54.根据实施方案45-53中任一项的方法,其中在所述第一组合物中蛋白S污染物的总含量为至少500ppm。
55.用于减少含有凝血因子VII多肽的组合物中蛋白S含量的方法,所述方法包括下列步骤:(i)使第一组合物与携带有固定化的蛋白C的固相材料接触,和(ii)将因而产生的第二组合物与所述固相材料分离,从而获得其中蛋白质污染物水平减少至少10倍的组合物,所述蛋白质污染物水平表示为相对于目的维生素K依赖性蛋白质的百万分率。
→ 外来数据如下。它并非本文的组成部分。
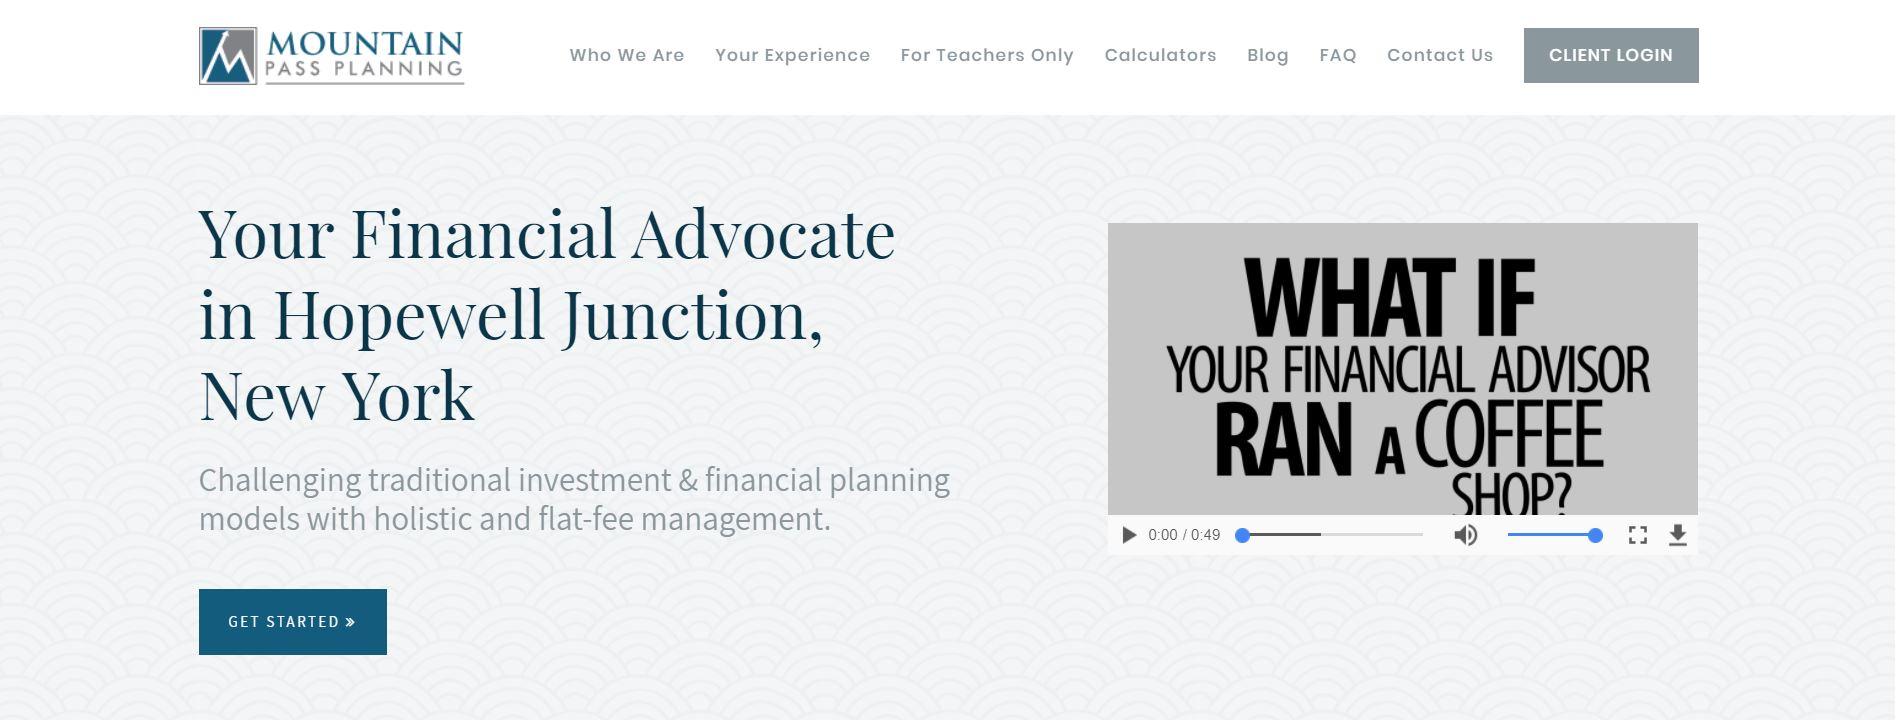 mountain pass planning website

56.用于减少含有目的维生素K依赖性蛋白质的细胞培养物上清液中一种或多种蛋白质污染物含量的方法,所述方法包括下列步骤:(i)使细胞培养物上清液与携带有针对目的维生素K依赖性蛋白质或其类似物的单克隆抗体的固相材料接触,(ii)任选地,洗涤所述固相材料,和(iii)从所述固相材料中洗脱目的维生素K依赖性蛋白质,从而获得其中蛋白质污染物水平减少至少5倍的因而产生的组合物,所述蛋白质污染物水平表示为相对于目的维生素K依赖性蛋白质的百万分率。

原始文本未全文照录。